ACL2025

Large Language Models Struggle to Describe the Haystack without Human Help: A Social Science-Inspired Evaluation of Topic Models

Zongxia Li, Lorena Calvo-Bartolomé, Alexander Miserlis Hoyle, Paiheng Xu, Daniel Kofi Stephens, Juan Francisco Fung, Alden Dima, Jordan Lee Boyd-Graber

Abstract

A common use of NLP by social scientists is to understand large document collections. Recent data exploration and content analysis have shifted from probabilistic topic models to Large Language Models (LLMs). Yet their effectiveness in helping users understand content in real-world applications remains under explored. This study compares the knowledge users gain from unsupervised LLMs, supervised LLMs, and traditional topic models across two datasets. While unsupervised LLMs generate more human-readable topics, their topics are overly generic for domain-specific datasets and do not help users learn much about the documents.
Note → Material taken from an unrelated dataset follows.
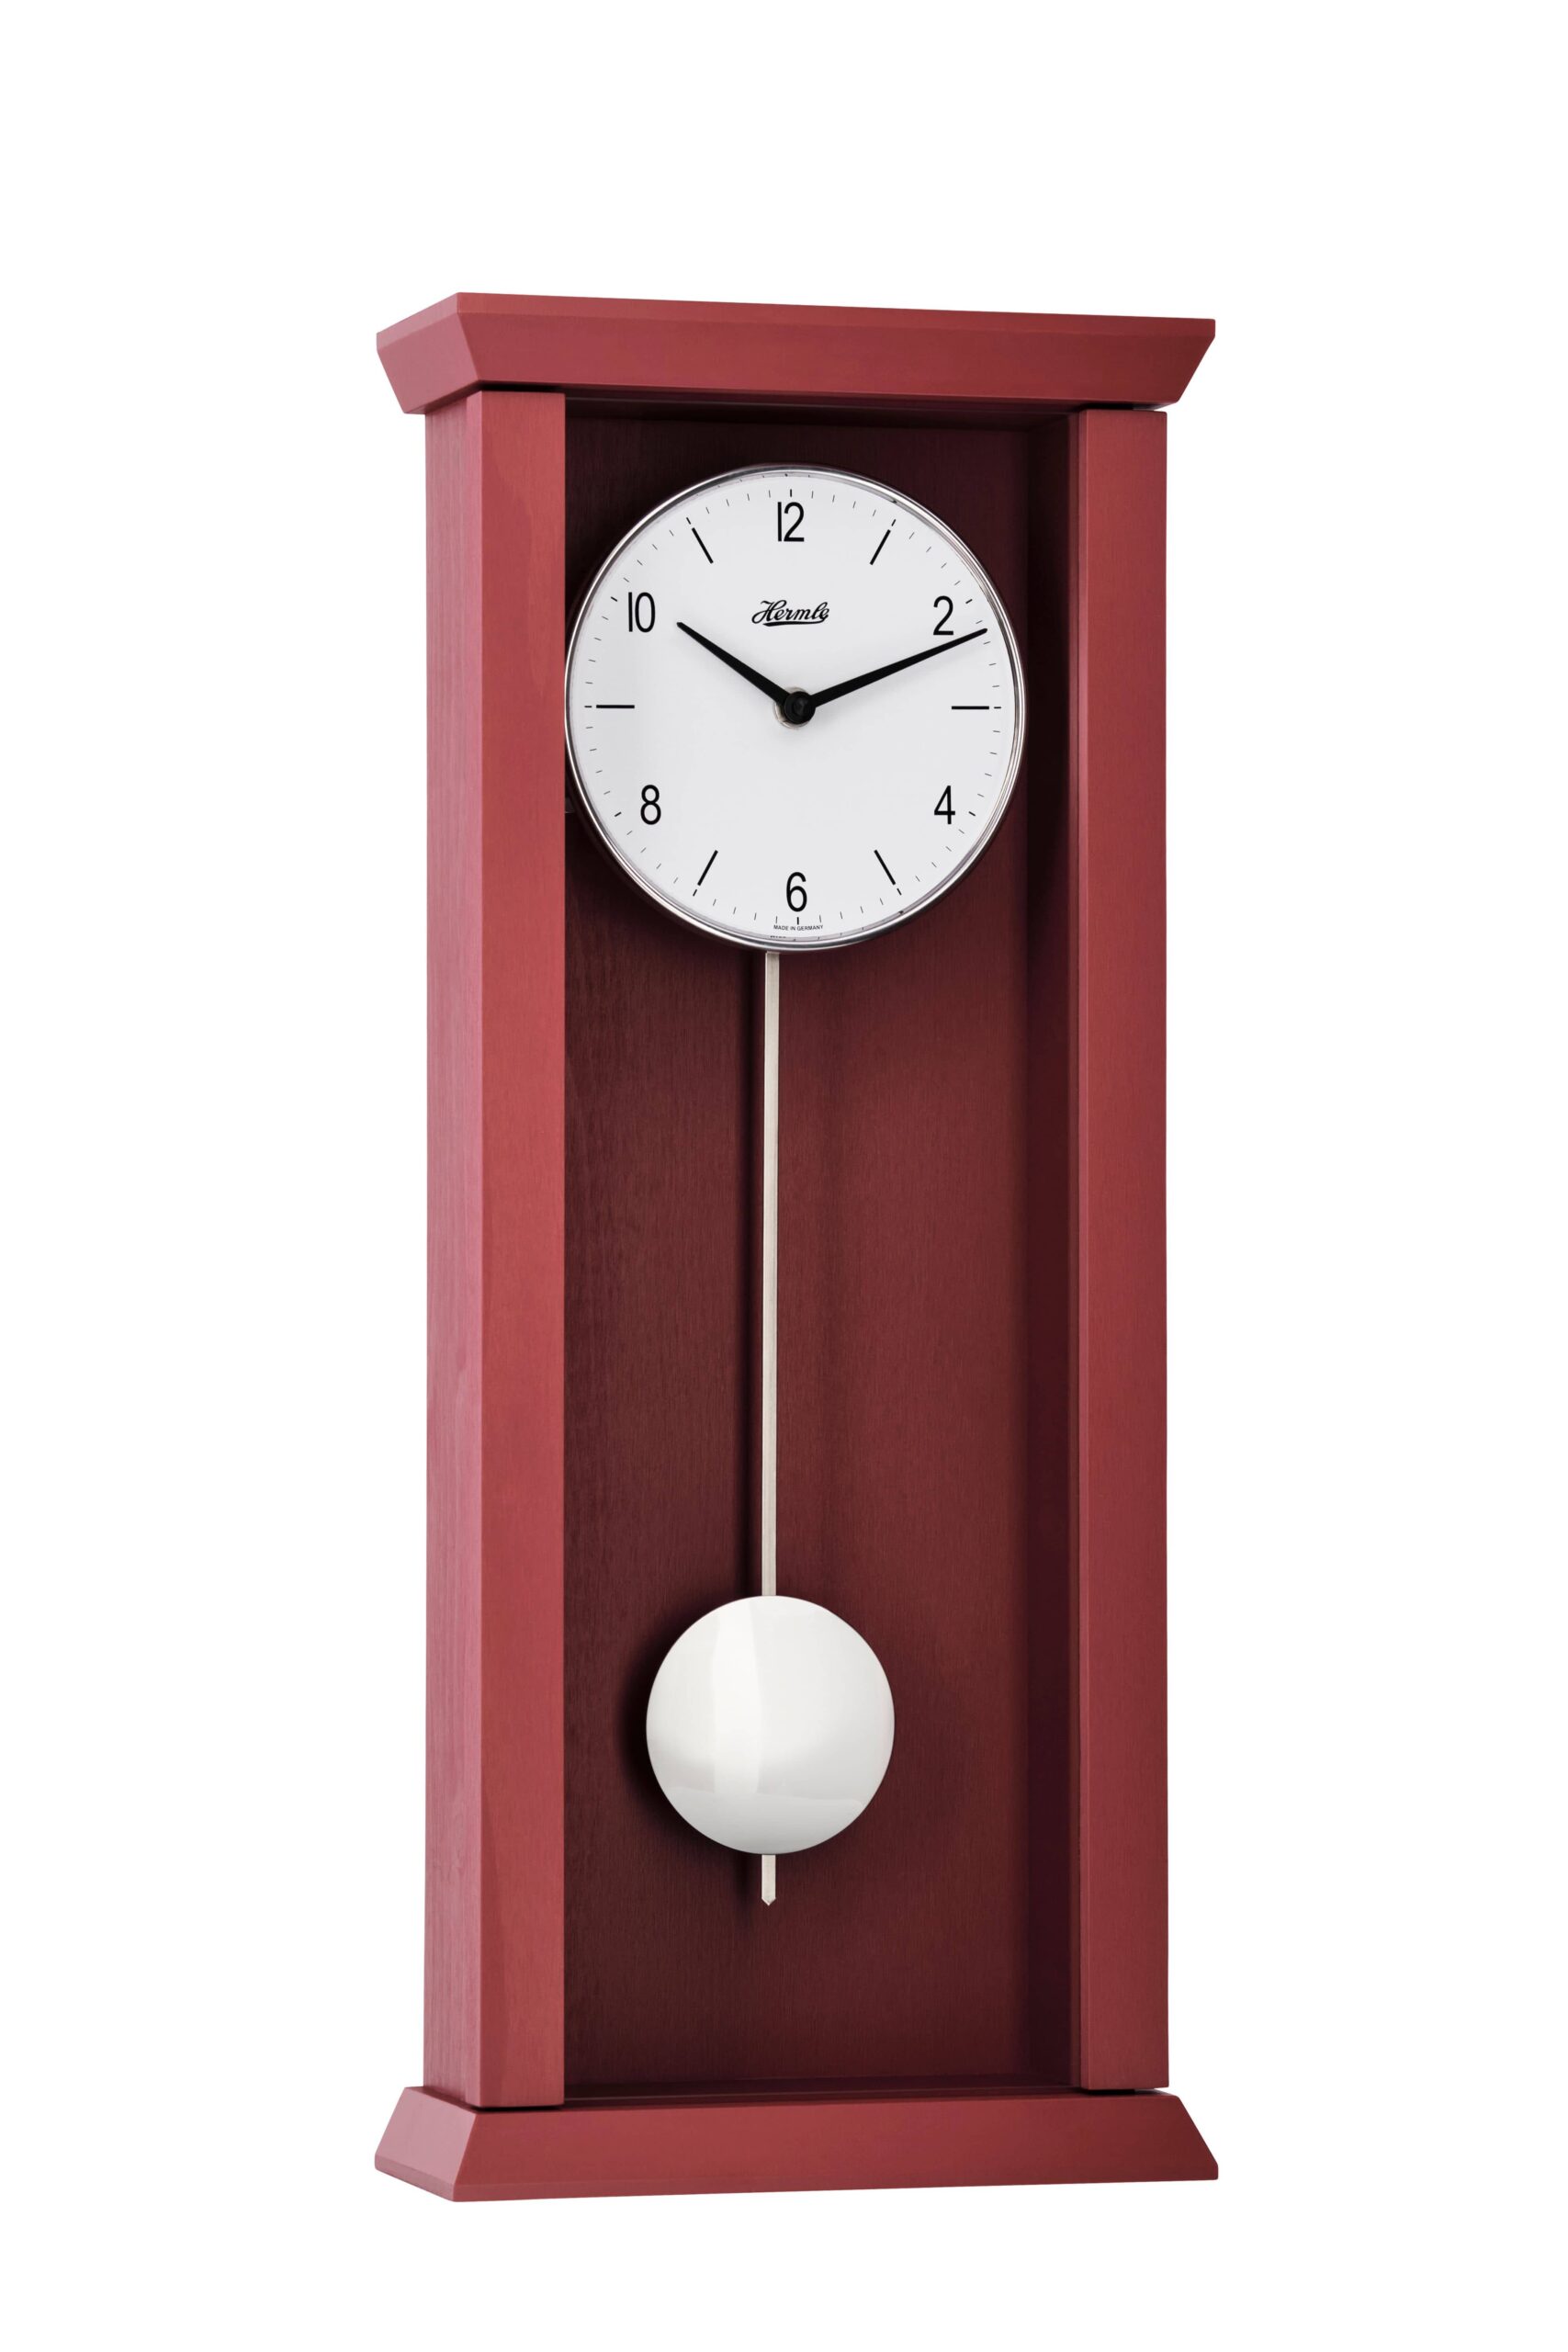 hermle-wall-clock-arden-quartz-only-pendulum-red-71002362200

Adding human supervision to LLM generation improves data exploration by mitigating hallucination and over-genericity but requires greater human effort. Traditional topic models, such as Latent Dirichlet Allocation (LDA), remain effective for exploration but are less user-friendly. LLMs struggle to describe the haystack of large corpora without human help, particularly domain-specific data, and face scaling and hallucination limitations due to context length constraints.